Bad news from Uganda: the mountain gorilla population in the Bwindi Impenetrable National Park is smaller than previously estimated. Until recently, environmentalists believed 336 gorillas resided in the park. Now it looks like the number has dropped to 302.
Why the change? The population numbers are usually collected by counting nests and examining the dung left outside each site. Every gorilla builds a nest and before leaving home in the morning, defecates outside. It seemed like a good way to count the animals with minimal human disturbance. But a new genetic method of counting yields different numbers. A team from the Max Planck Institute for Evolutionary Anthropology in Liepzig, Germany tested DNA samples from each of the dung piles and found the number of gorillas dropped by ten percent.
"We assumed that each individual constructs a single nest, but genetic analysis shows that several individuals construct more than one nest," says Katerina Guschanski, head of the German research team. Like lowland gorillas, the mountain variety will make new nests when the original becomes damaged by weather or will simply move on when the nest becomes uncomfortable.

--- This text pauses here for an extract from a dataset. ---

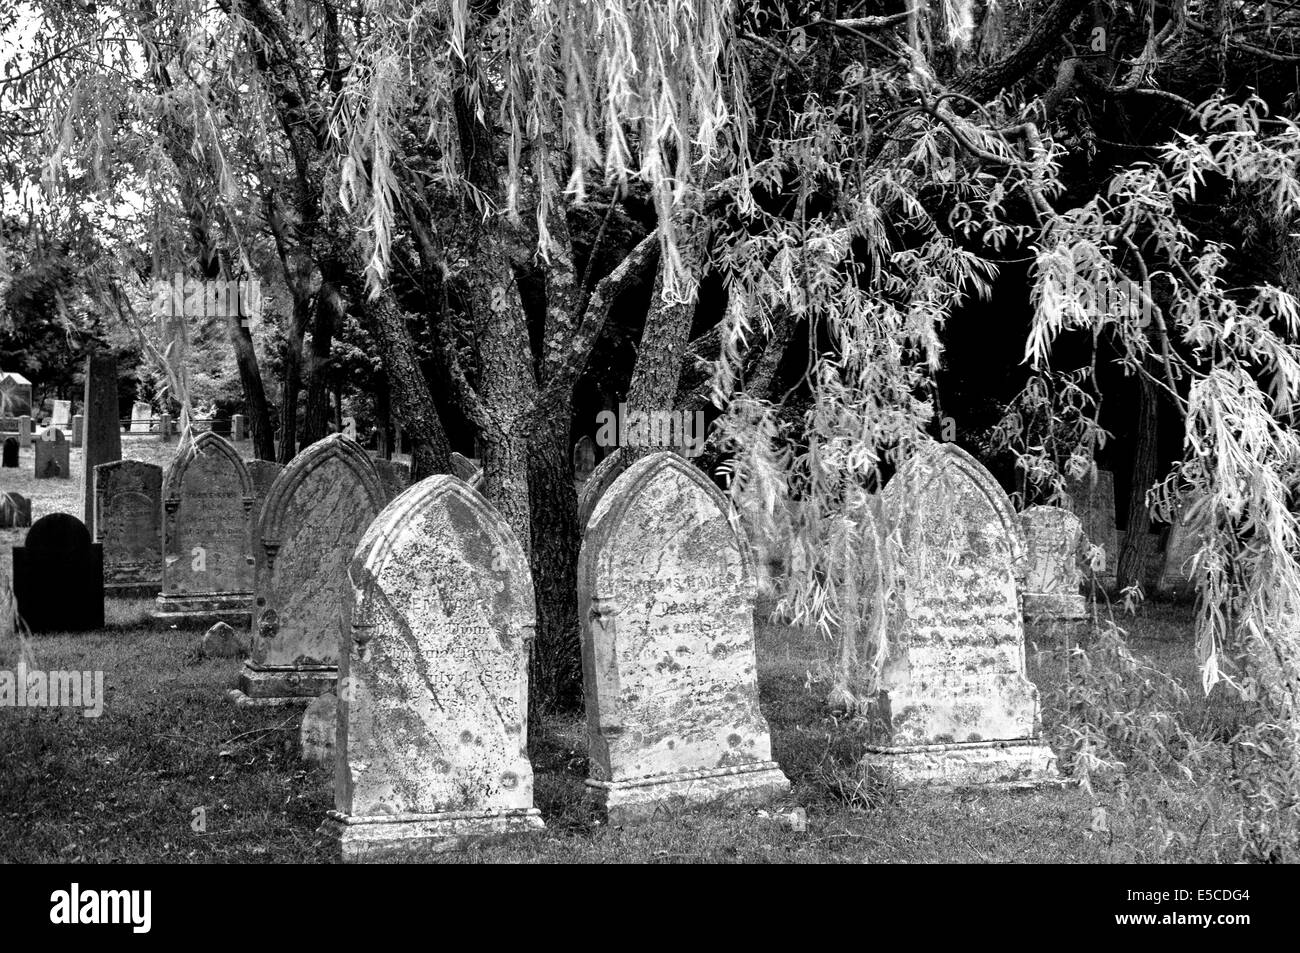 Lápidas antiguas desde la década de 1800 se encuentran en este cementerio en Cape Cod, Massachusetts (MA), EE.UU.. B&W imagen. Foto de stock

Gorillas survive in only two places in the world: the Bwindi Impenetrable National Park and the Virunga National Park in the Democratic Republic of Congo. Population numbers from the Congo are not expected to change because the gorillas are accustomed to human contact and are counted directly.
Still, the news is discouraging. The mountain gorilla population may not be increasing like once believed. According to census data based on the old counting method, the population had grown from 300 in 1997 to 320 in 2003. However, the accuracy of the data is questionable. "Now we don't really know what is happening with this population," says Guschanski. "Probably the safest thing is to assume that the population is stable, but we will need to wait for another four to five years to assess how it is changing."
[Via New Scientist]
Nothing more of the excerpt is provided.